> **Work task**
Copy out again, unchanged, the listing below from the line that has "в кольцевом секторе" through the line that has "KERIUM shampooing gel".

*** Opening of Source records ***

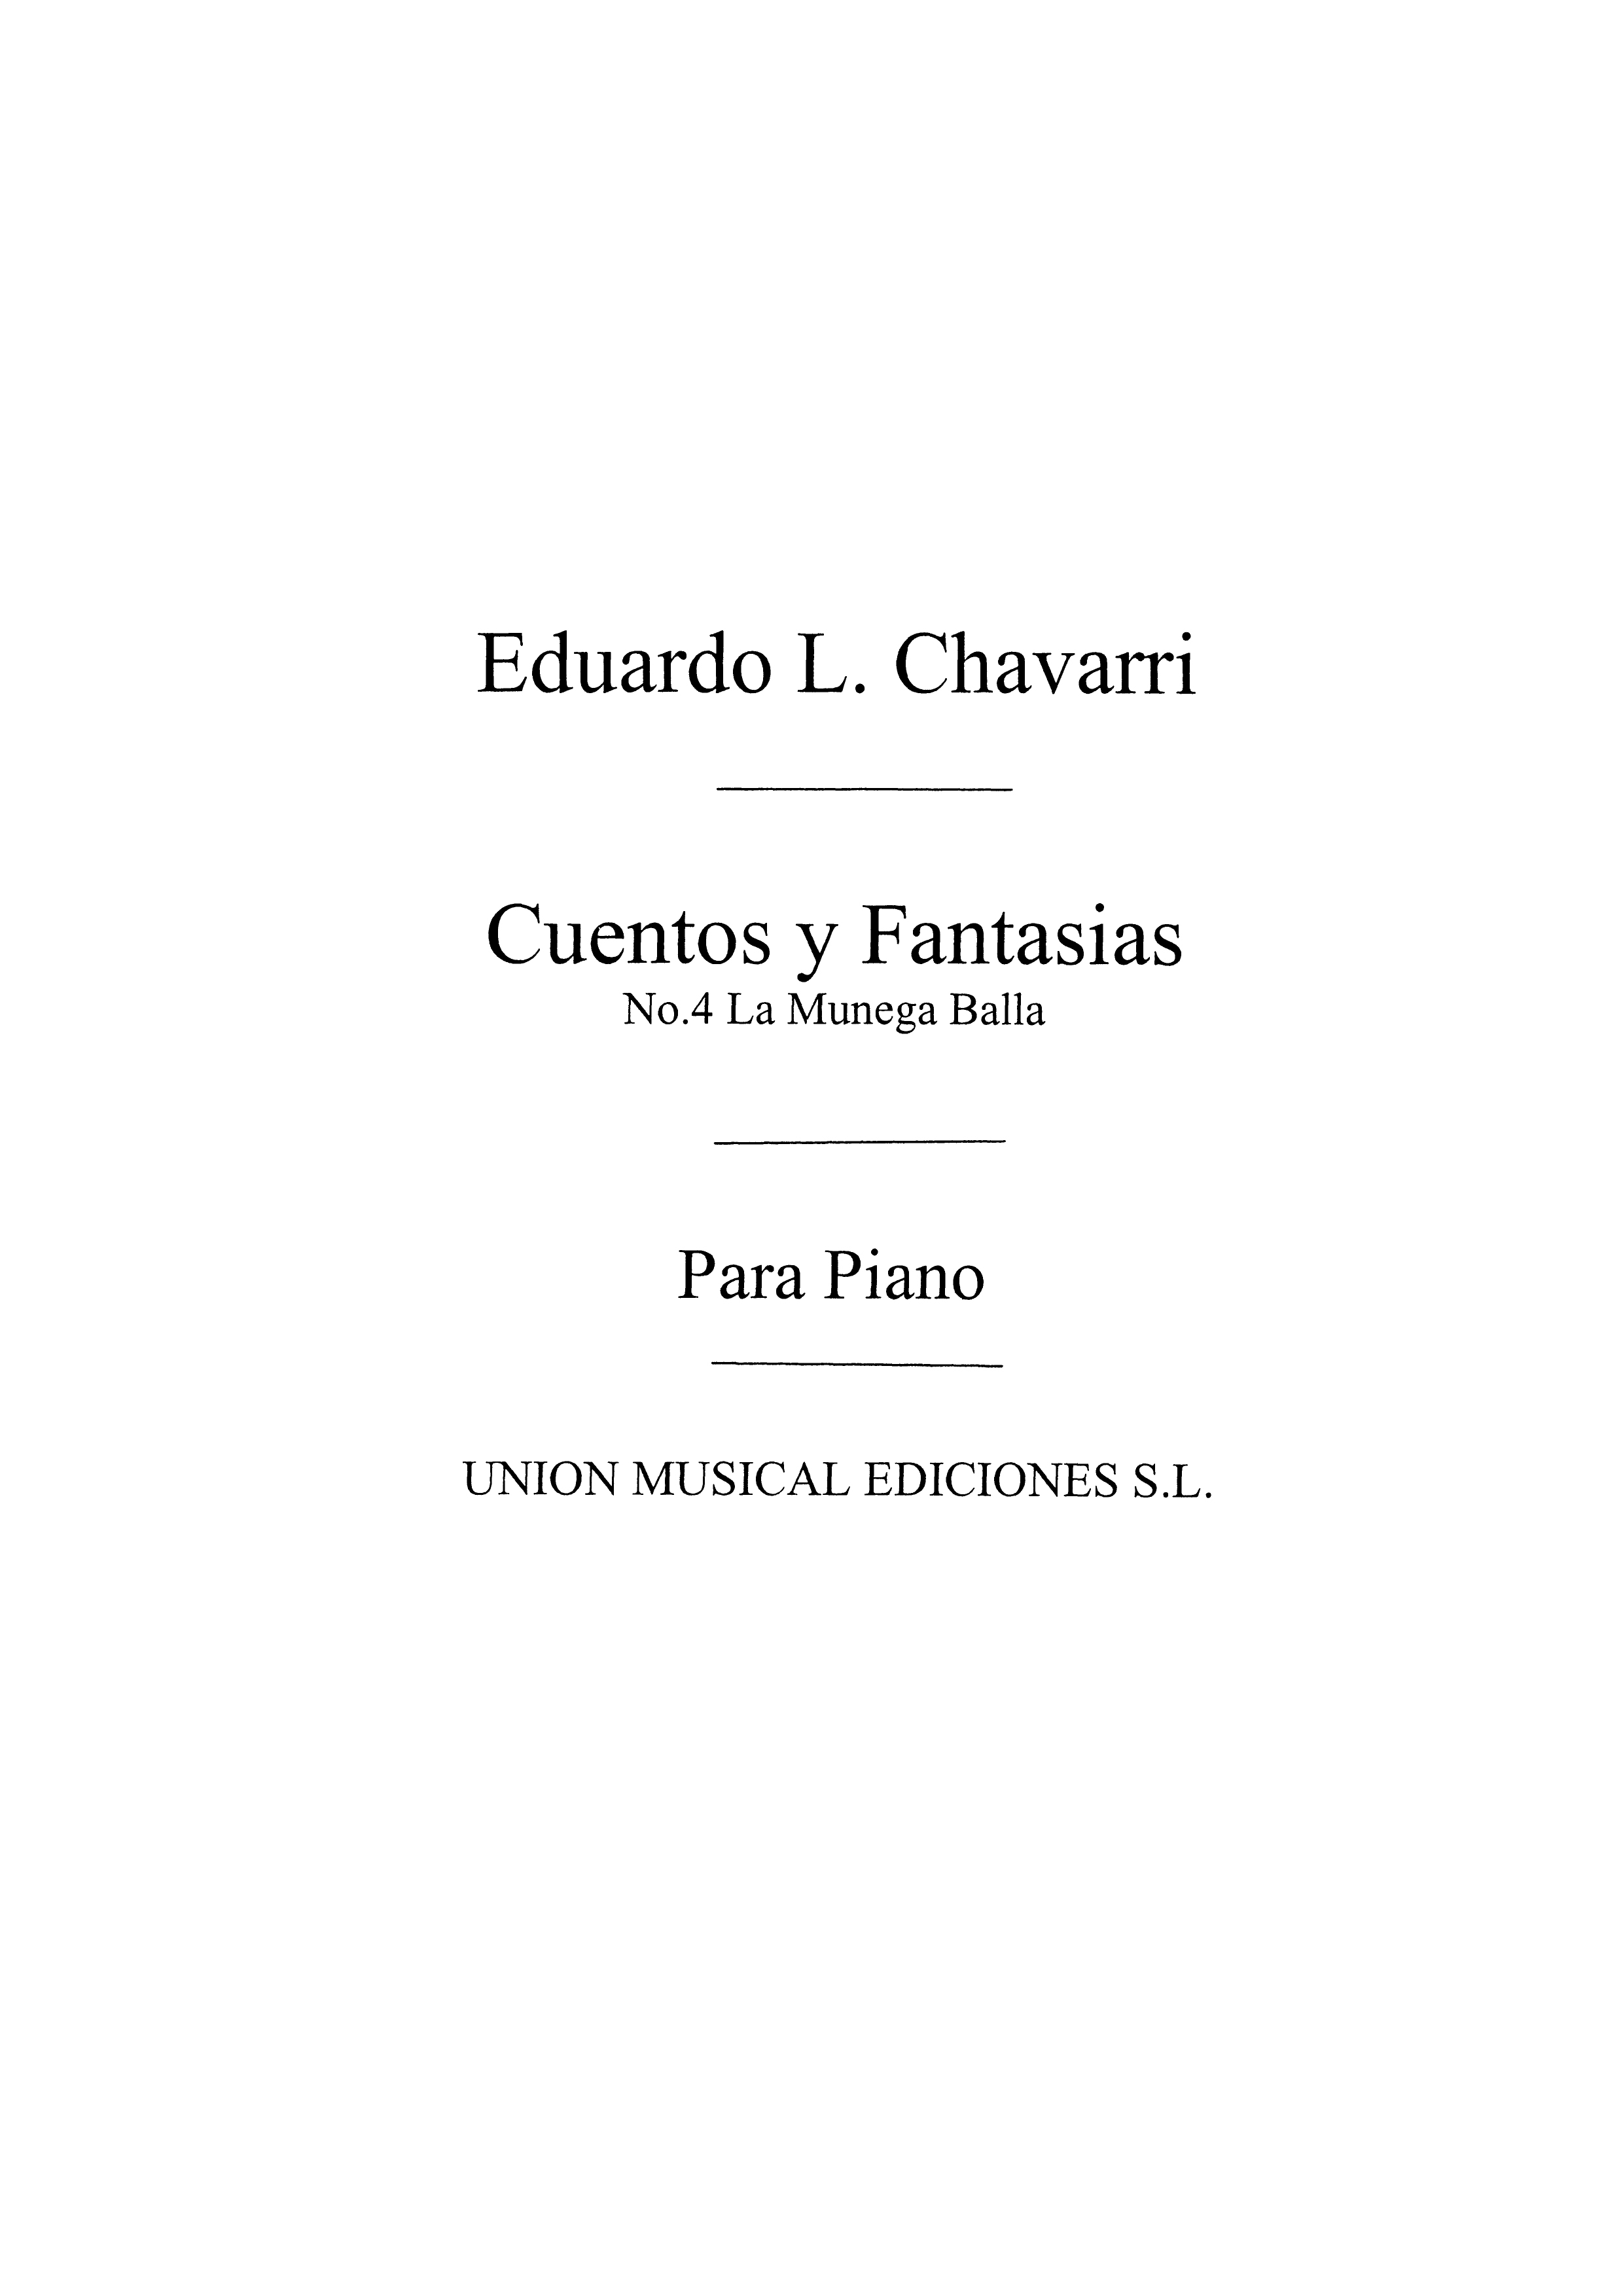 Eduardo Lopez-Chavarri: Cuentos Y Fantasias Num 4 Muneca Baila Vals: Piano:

*** Close of Source records ***
*** Opening of Source records ***

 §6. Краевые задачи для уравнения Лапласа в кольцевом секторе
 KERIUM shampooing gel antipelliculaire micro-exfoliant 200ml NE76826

*** Close of Source records ***

> **Result**
 §6. Краевые задачи для уравнения Лапласа в кольцевом секторе
 KERIUM shampooing gel antipelliculaire micro-exfoliant 200ml NE76826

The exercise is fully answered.